Conrad et al., reported the results of the first two cases of wide necked basilar tip aneurysms treated with Y stent assisted coil embolization using a new low profile visible intraluminal stent (LVIS Jr; MicroVention, Tustin, California, USA) delivered through a 0.017 inch microcatheter. We also reviewed the literature comparing other endovascular techniques (coiling alone, Stent-assisted coiling, and Y Stent-assisted coiling) for wide necked aneurysms. The LVIS Jr device offers a new option for the treatment of these challenging lesions, with clear advantages over currently available intracranial stents. Larger series and long term results are needed to confirm the applicability and durability of this technique/technology 4).


A 51-year-old patient with an unruptured right middle cerebral artery bifurcation aneurysm was treated with balloon remodeling employing a 4 × 10 mm Scepter C balloon catheter. Following coil embolization, a low-profile visualized intraluminal stent (LVIS) Jr 2.5 mm × 16 mm was delivered via the coaxial balloon catheter and deployed across the aneurysm neck.

Follow-up angiograms demonstrated that the coil mass was well-seated within the aneurysm sac and the parent vessel was widely patent with satisfactory vessel wall apposition by the stent.
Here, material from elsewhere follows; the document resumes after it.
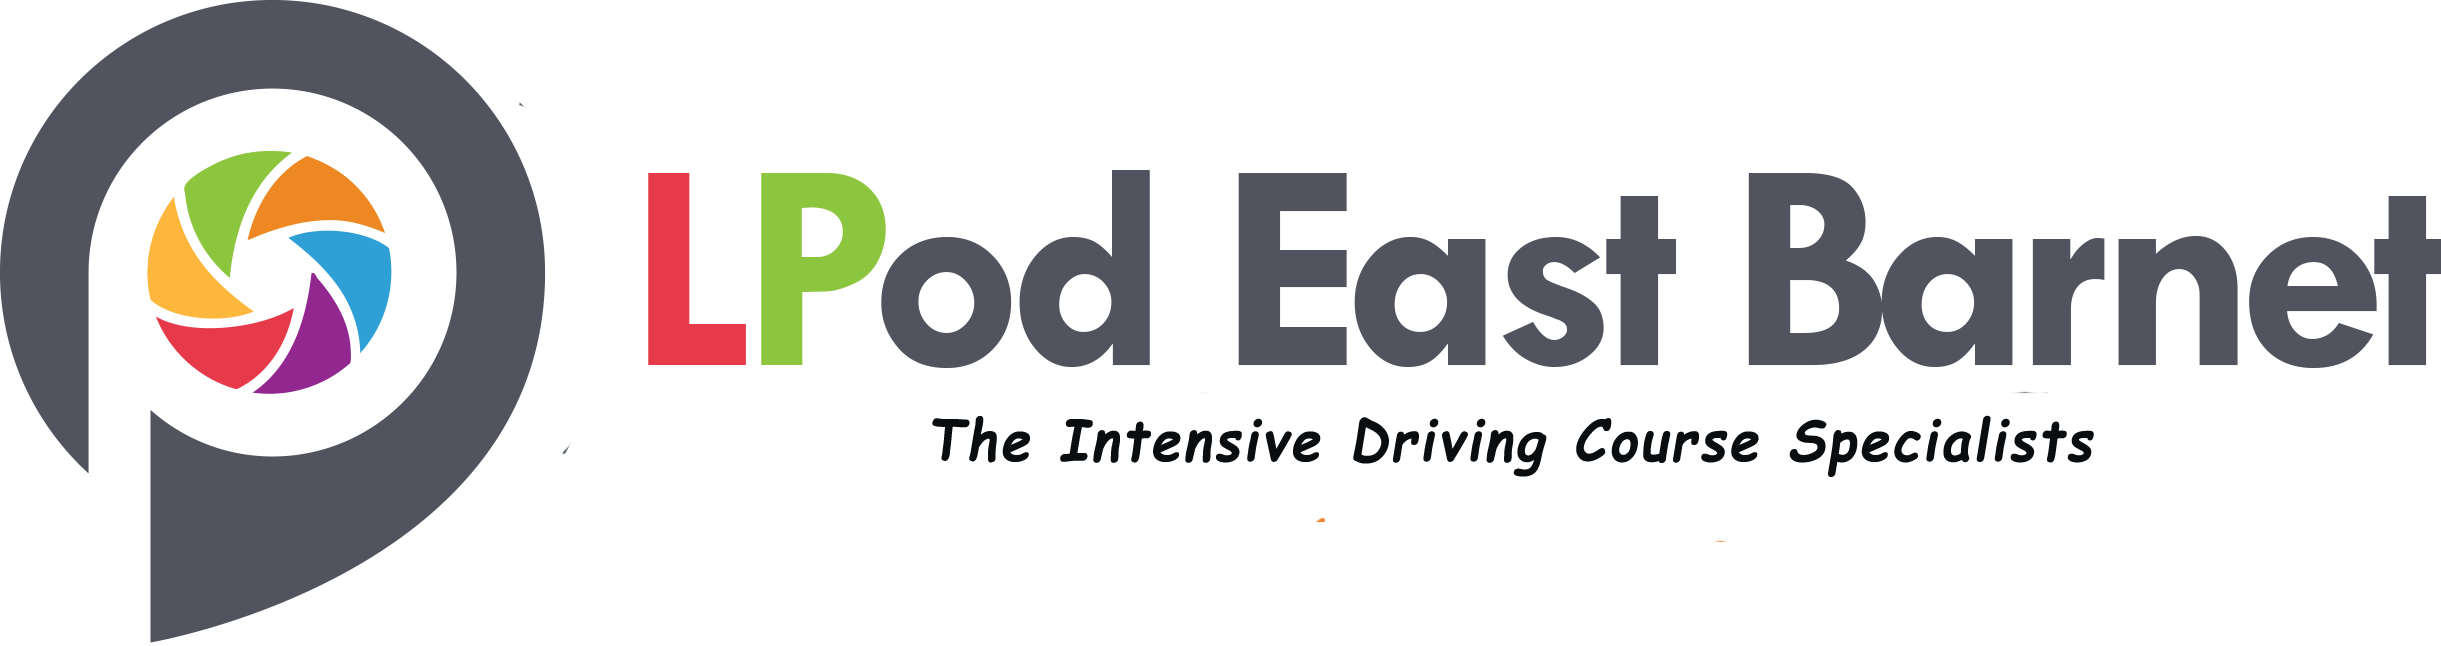 intensive driving courses east barnet, intensive driving school east barnet, one week driving course east barnet, fast pass driving east barnet, crash driving course east barnet
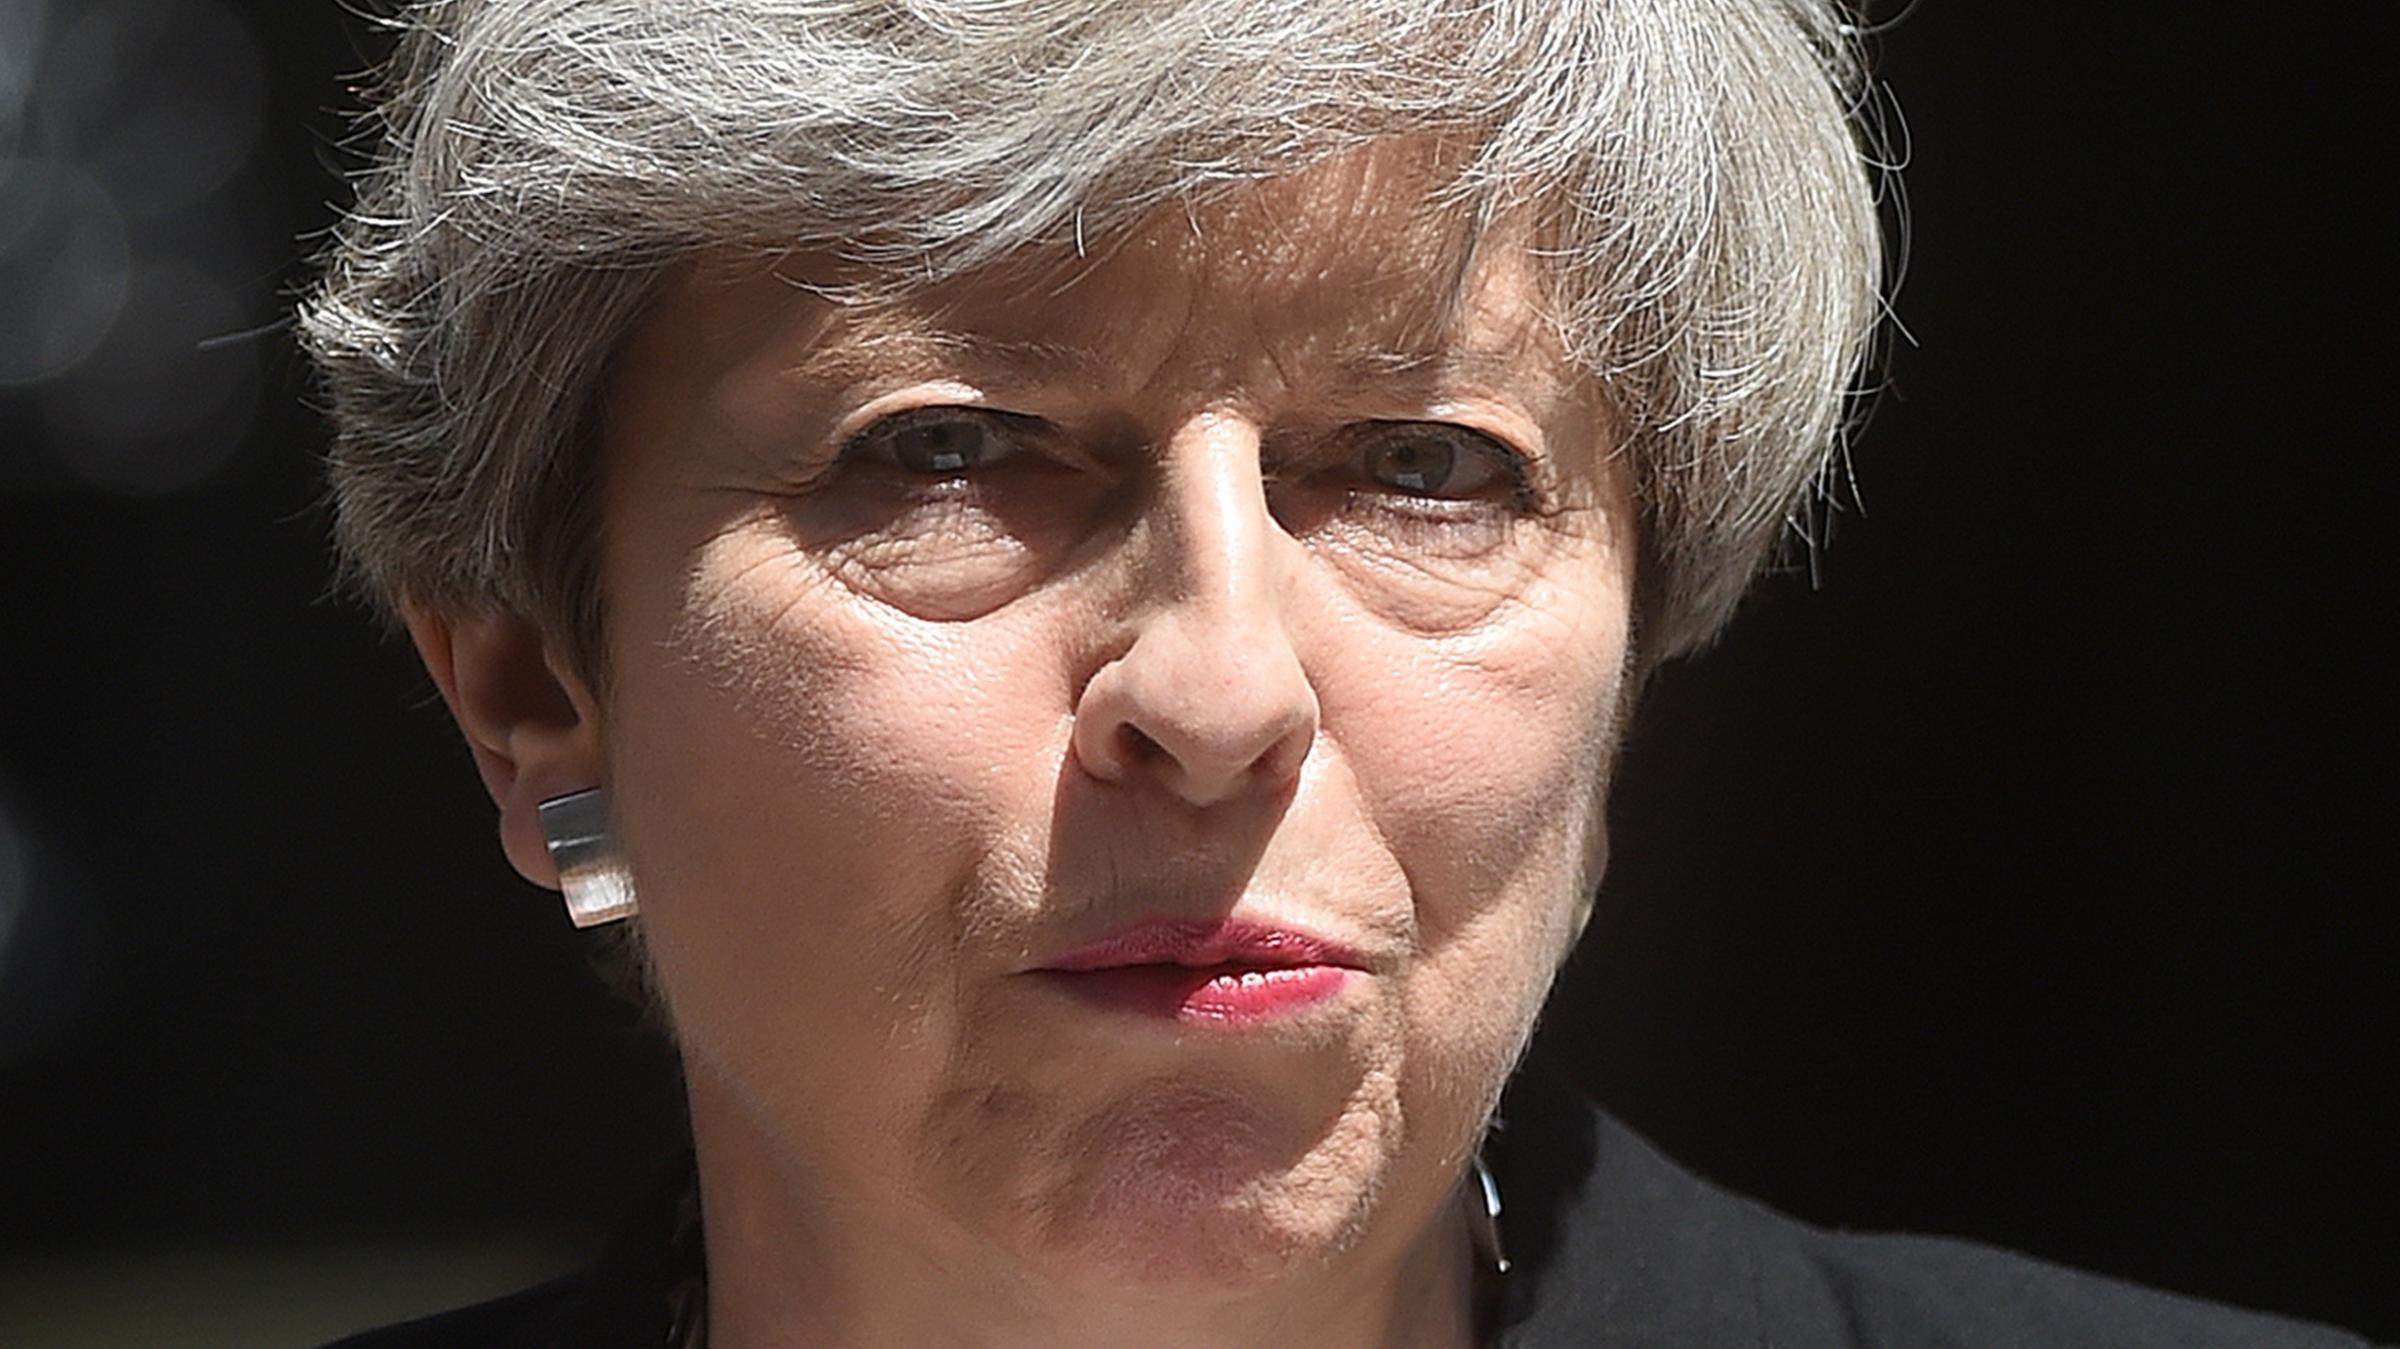 Theresa May 'reassures' Irish PM on DUP deal

The authors describe a technique for balloon remodeling followed by stenting for aneurysm coil embolization that incorporates the use of a coaxial dual-lumen balloon catheter system through which a novel self-expanding stent can be deployed. In the case described, we found this technique to be safe and feasible, reducing both the number of steps involved in this technique and the opportunities for mechanical coil-related complications 5).


1)
Tan S, Zhou X, Lu Y, Lai L, Huang X, Li B, Wang Y. Low-profile visualized intraluminal support stent for the endovascular treatment of traumatic intracranial internal carotid artery pseudoaneurysms. Neurosurg Rev. 2022 Jan 24. doi: 10.1007/s10143-021-01714-y. Epub ahead of print. PMID: 35067805.
2)
Morinaga Y, Nii K, Sakamoto K, Inoue R, Mitsutake T, Hanada H. Stent-assisted Coil Embolization for a Ruptured Posterior Communicating Artery Pseudoaneurysm after Endoscopic Trans-sphenoidal Surgery for Pituitary Adenoma. World Neurosurg. 2018 Dec 21. pii: S1878-8750(18)32870-5. doi: 10.1016/j.wneu.2018.12.047. [Epub ahead of print] PubMed PMID: 30583130.
3)
Hara T, Sadatomo T, Shimizu K, Oba H, Yuki K, Sakamoto S, Okazaki T, Shinagawa K, Kurisu K. [Treatment of a Traumatic Direct Carotid Cavernous Fistula with an Intradural Internal Carotid Artery Pseudoaneurysm Using a Low-profile Visualized Intraluminal Support(LVIS)Stent:A Case Report]. No Shinkei Geka. 2018 Nov;46(11):989-997. doi: 10.11477/mf.1436203853. Japanese. PubMed PMID: 30458436.
4)
Conrad MD, Brasiliense LB, Richie AN, Hanel RA. Y stenting assisted coiling using a new low profile visible intraluminal support device for wide necked basilar tip aneurysms: a technical report. J Neurointerv Surg. 2014 May;6(4):296-300. doi: 10.1136/neurintsurg-2013-010818. Epub 2013 Jun 22. PubMed PMID: 23794675.
5)
Spiotta AM, Miranpuri A, Chaudry MI, Turner RD 4th, Turk AS. Combined balloon stent technique with the Scepter C balloon and low-profile visualized intraluminal stent for the treatment of intracranial aneurysms. J Neurointerv Surg. 2013 Nov;5 Suppl 3:iii79-iii82. doi: 10.1136/neurintsurg-2012-010553. Epub 2012 Nov 20. PubMed PMID: 23172541.